Das Tierversuchslabor von Boehringer ist nur ein Beispiel von vielen.
Hannover ist eine Tierversuchshochburg in Deutschland. In vielen Instituten der Medizinischen Hochschule, der Tierärztlichen Hochschule sowie der Universität und dem Frauenhofer-Institut für Toxologie und Aerosolforschung fallen Tiere der wissenschaftlichen Forschung in Tierversuchen zum Opfer.
Das Tiere für die Pharmaindustie in Tierversuchen benutzt, verbraucht und getötet werden ist in unserer Gesellschaft Normalität.
Boehringer ist dabei nur exemplarisch zu betrachten , und im Kontext mit anderen Unternehmen zu sehen, denen es in erster Linie um das Erwirtschaften von Profiten geht.
Das Boehringer keine Rücksicht auf Mensch, Tier und Umwelt nehmen um sein Profit zu maximieren, das hat die Politik des Konzerns in der Vergangenheit bewiesen. So lieferte Böhringer einen wichtigen Bestandteil zur Herstellung des in Vietnam eingesetzen Entlaubungsmittel „Agent Orange“, dessen verheerenden Folgen ja bekannt sind.

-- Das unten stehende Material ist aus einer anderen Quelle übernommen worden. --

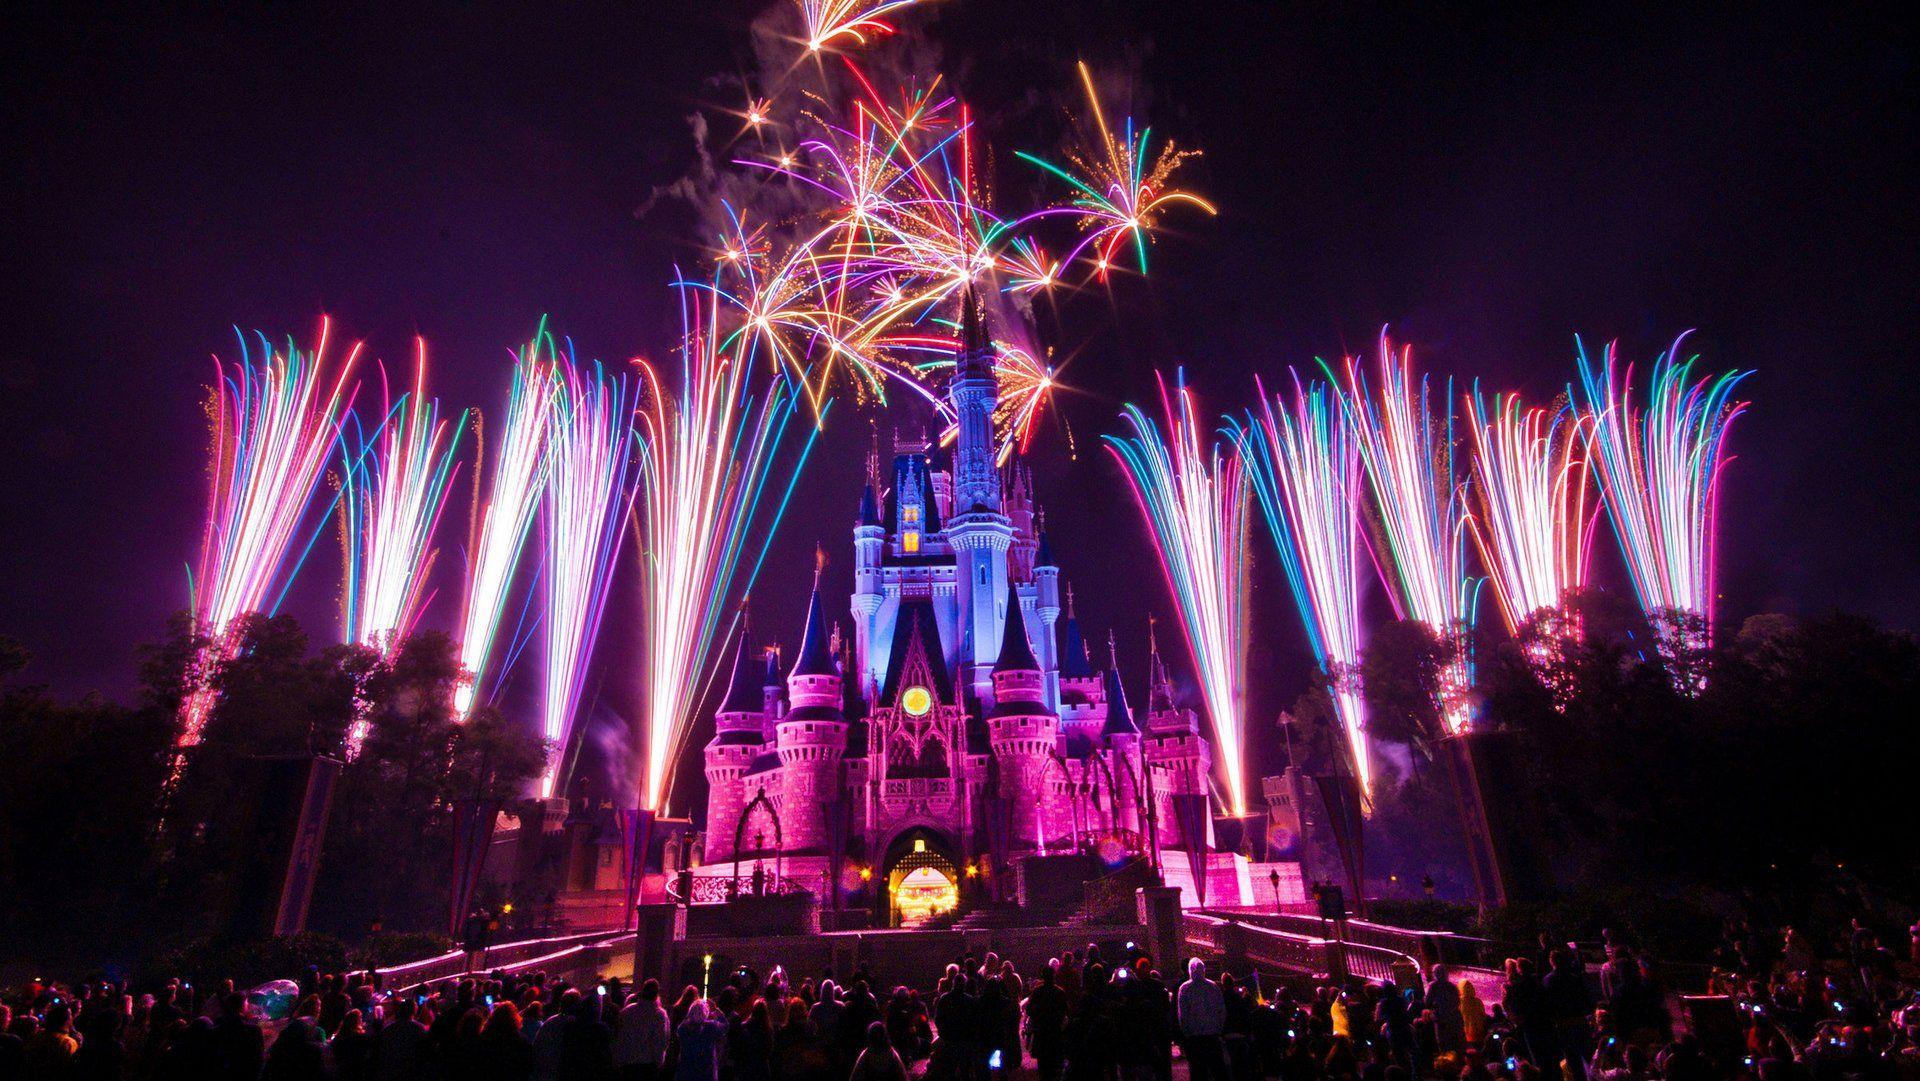 Disney Land Fireworks Photo Hd Wallpaper Fireworks Photo Fireworks Wallpaper Hd Wallpaper

Ein aktuelles Beispiel für Boehringers rücksichtslose Politik ist ein Aids-Medikament für die Behandlung HIV- infizierter Kinder. Dieses wird zur Zeit in Indien produziert. Böhringer hat dort einen Patentantrag auf den benutzten Wirkstoff gestellt und will künftig den vierfachen Preis für das Medikament verlangen. Böhringer ist sich in diesem Zusammenhang auch nicht zu fein dafür selbst Apotheken und Medikamentengroßhändlern in Kenia mit rechtlichen Schritten zu drohen, sollten sie das indische Pärparat importieren. Auf die vielen betroffen Kinder wird keinerlei Rücksicht gebübt.
Das Pharmaunternehmen Boehringer steht hier repräsentativ für ein Wirtschaftssystem, das ausschliesslich auf der Erwirtschaftung von Profiten aufgebaut ist, und beinhaltet die logische Konsequenz, das so viel wie möglich zum Produkt/zur Ware gemacht wird. Das bedeutet in der Realität, eine Unterdrückung in nahezu allen Lebensbereichen und aller Lebewesen durch die Gewalt des Marktes.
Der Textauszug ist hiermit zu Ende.